The narrator's descriptions of Rappaccini's garden often portray the poisonous plants as if they are people. This use of personification sheds light on the idea that Rappaccini uses elements of the natural world in unnatural ways. When Giovanni sees the garden for the first time, the story includes the following observation:
The strange plants were basking in the sunshine, and now and then nodding gently to one another, as if in acknowledgement of sympathy and kindred.
In this description, the plants are presented as a sort of community, as if they enjoy each other's presence while also empathizing with each other. This, in turn, implies that there's something about their situation that is unfavorable or upsetting. They "bask[] in the sunshine," but they also feel a certain "sympathy" for one another, almost suggesting that they're somehow unhappy to be part of Rappaccini's garden. There's an implication, then, that nature itself has no interest in the malicious intentions of someone like Rappaccini, even if the plants are technically poisonous. After all, certain plants are poisonous for reasons of self-protection, which ultimately have nothing to do with the twisted experiments Rappaccini wants to the plants for. By personifying these plants, then, the story underscores the idea that what's truly unnatural about Rappaccini's garden isn't that it contains poisonous plants, but that he intends to use them to carry out twisted experiments on humans in the name of science.
As Giovanni begins to suspect that Beatrice is poisonous, Hawthorne uses the motif of natural vs. unnatural to trace Giovanni's mounting horror. Giovanni is afflicted with a mixture of conflicting emotions:
It was not love, although her rich beauty was a madness to him; nor horror, even while he fancied her spirit to be imbued with the same baneful essence that seemed to pervade her physical frame; but a wild offspring of both love and horror that had each parent in it, and burned like one and shivered like the other[...] Blessed are all simple emotions, be they dark or bright! It is the lurid intermixture of the two that produces the illuminating blaze of the infernal regions.
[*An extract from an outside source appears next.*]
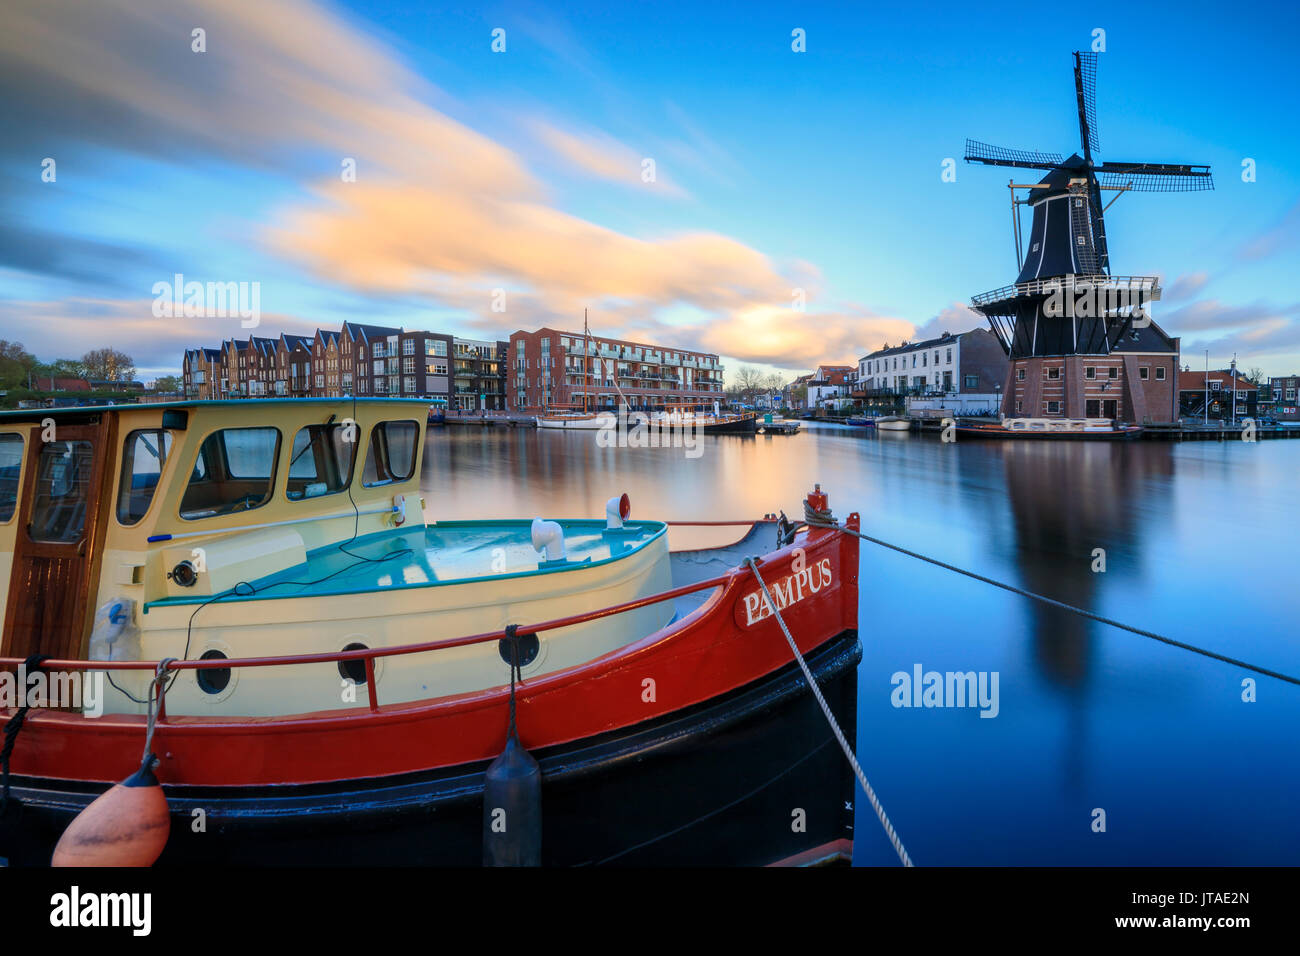 La barca da pesca cornici del mulino a vento De Adriaan riflessa nel fiume Spaarne al crepuscolo, Haarlem, Olanda Settentrionale, Paesi Bassi, Europa Foto Stock
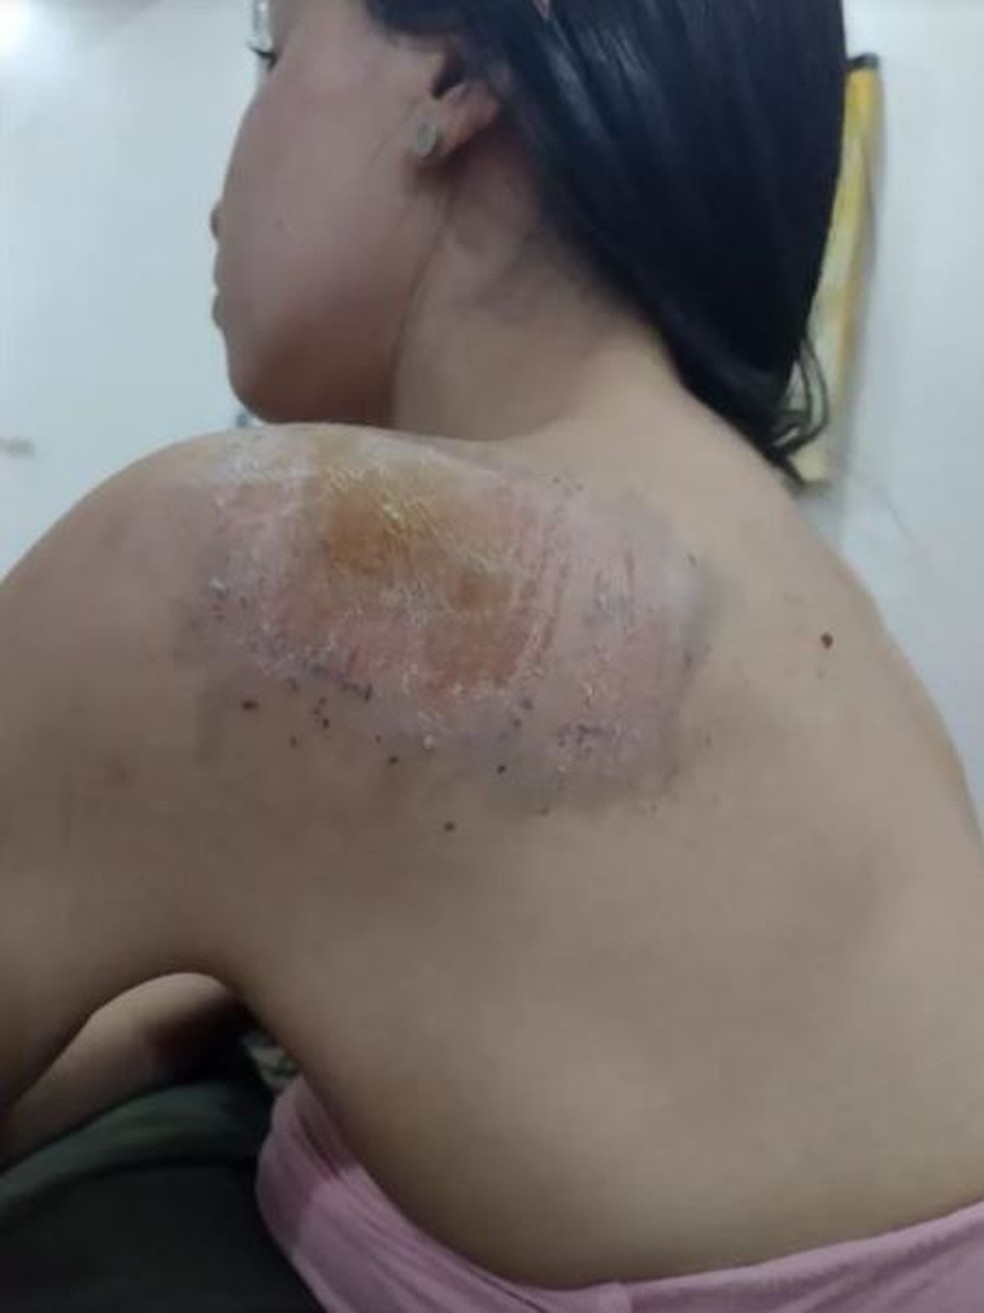 Andressa ficou com ralados pelo corpo após cair da bicicleta, em Palmas — Foto: Arquivo pessoal

What the story condemns about Rappaccini is the way he disturbs the natural order by cross-breeding plants to produce species that do not exist in nature—all for the purpose of satisfying his greed for knowledge. Like these artificial bodies, Giovanni’s feelings toward Beatrice are the unnatural “offspring” of love and horror: his suspicions that she might be poisonous corrupt his love for her.
Another form of “wild offspring” in the story is Beatrice herself. Just as Rappaccini produces artificial plant species, he also manipulates human anatomy in the form of his own daughter. The story repeats, in various forms, the notion that Beatrice’s poisonous anatomy transgresses the natural order. As Baglioni introduces his supposed antidote for her condition, he declares, “Possibly we may even succeed in bringing back this miserable child within the limits of ordinary nature, from which her father’s madness has estranged her.” Baglioni's comment implies that Rappaccini's experimentation has placed Beatrice in the realm of the unnatural, beyond the pale of daily life. In this way, the story suggests that there are boundaries to knowledge-seeking that humanity should not cross.